Hide code cell source
# Define function for DRY (Don't Repeat Yourself)
def plot_prediction(features):
    ages_real = []
    ages_pred = []
    sexes = []

    for sex, abalone in abalones.items():

        # Split features and target
        X = abalone[features].values
        y = abalone[target].values

        # Split train-test data
        X_train, X_test, y_train, y_test = train_test_split(
            X, y, test_size=0.2, random_state=42
        )

        # Scale X
        scaler = StandardScaler()
        scaler.fit(X_train)
        X_train_std = scaler.transform(X_train)
        X_test_std = scaler.transform(X_test)

        # Insert polynomial features
        poly = PolynomialFeatures(degree=2)
        X_train_std_poly = poly.fit_transform(X_train_std)
        X_test_std_poly = poly.fit_transform(X_test_std)

        # Linear Regression model
        linreg = LinearRegression()
        linreg.fit(X_train_std_poly, y_train)
        y_pred = linreg.predict(X_test_std_poly)
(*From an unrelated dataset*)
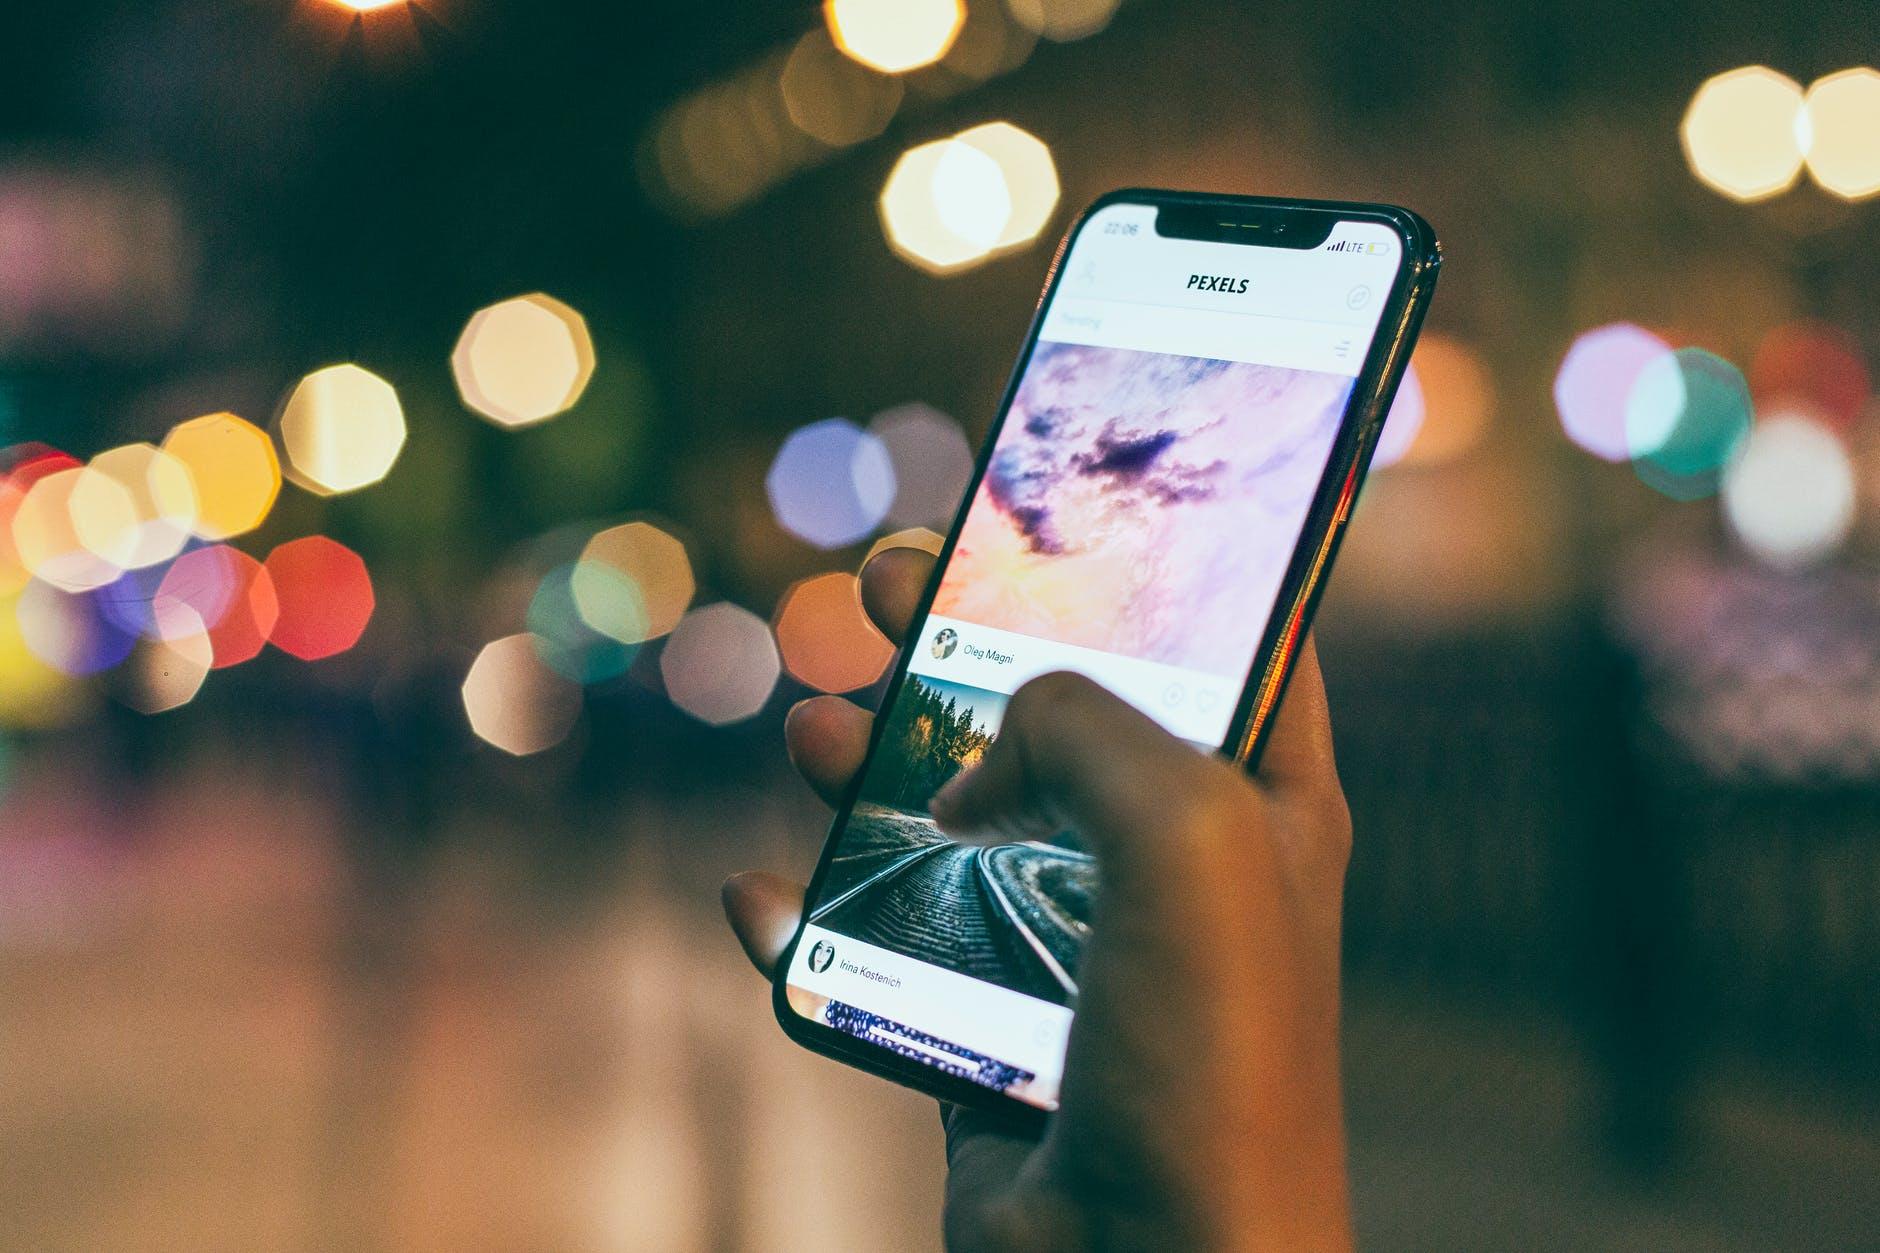 «МегаФон» дарит год интернета при покупке любого iPhone — детали акции

        ages_real.extend(y_test.reshape(-1).tolist())
        ages_pred.extend(y_pred.reshape(-1).tolist())

        # Save category
        sexes.extend([sex] * len(y_pred))

    # Store data in df for plotting
    plot_df = (
        pd.DataFrame([ages_real, ages_pred, sexes])
        .transpose()
        .rename(columns={0: "real_age", 1: "predicted_age", 2: "sex"})
    )

    # Plot
    fig, ax = plt.subplots(figsize=(6, 6))

    sns.scatterplot(
        ax=ax,
        x="real_age",
        y="predicted_age",
        data=plot_df,
        hue="sex",
        hue_order=hue_order,
    )

    # Plot the reference line
    sns.lineplot(ax=ax, x=np.arange(3, 23, 1), y=np.arange(3, 23, 1), color="black")

    ax.grid(axis="both")
    ax.set_axisbelow(True)
    ax.tick_params(axis="x", labelsize=12, rotation=0)
    ax.tick_params(axis="y", labelsize=12)
    ax.set_title(f"Selected features: {features}\nTest data results", size=12)
    ax.set_xlabel("Age: real", fontsize=12)
    ax.set_ylabel("Age: predicted", fontsize=12)
    ax.legend(bbox_to_anchor=(1.0, 0.5), loc="center left", title="Sex", fontsize=10)
    ax.set_xlim(0)
    ax.set_ylim(0)
    sns.despine()

    plt.show()


# Plot
plot_prediction(best_feature_set)
plot_prediction(best_2_feature_set)
../_images/35c3609284315388f7676ed8f92878cd815c44dc615163ee59bd064e07d3f0a6.png ../_images/23a4c8bf0e921c66100aae612ef590e87d8c04a209b092f7df4622ed0a1ab268.png

Visually at least, there doesn’t seem to be a remarkable difference, in accordance to the minimal difference existing between the predictive results obtained for these two sets of features.

Conclusion#

Best results were clearly obtained for the infant abalone, with a mean error of around 1.5 years. And it could be the case that, for economical reasons, normally a few-years-old (infant) abalones are commercialised.

The great thing is that just weighting whole_wt and shucked_wt we can fairly predict the age, and these two features can conveniently be measured in the product processing stage, during which abalones are shucked before being packaged.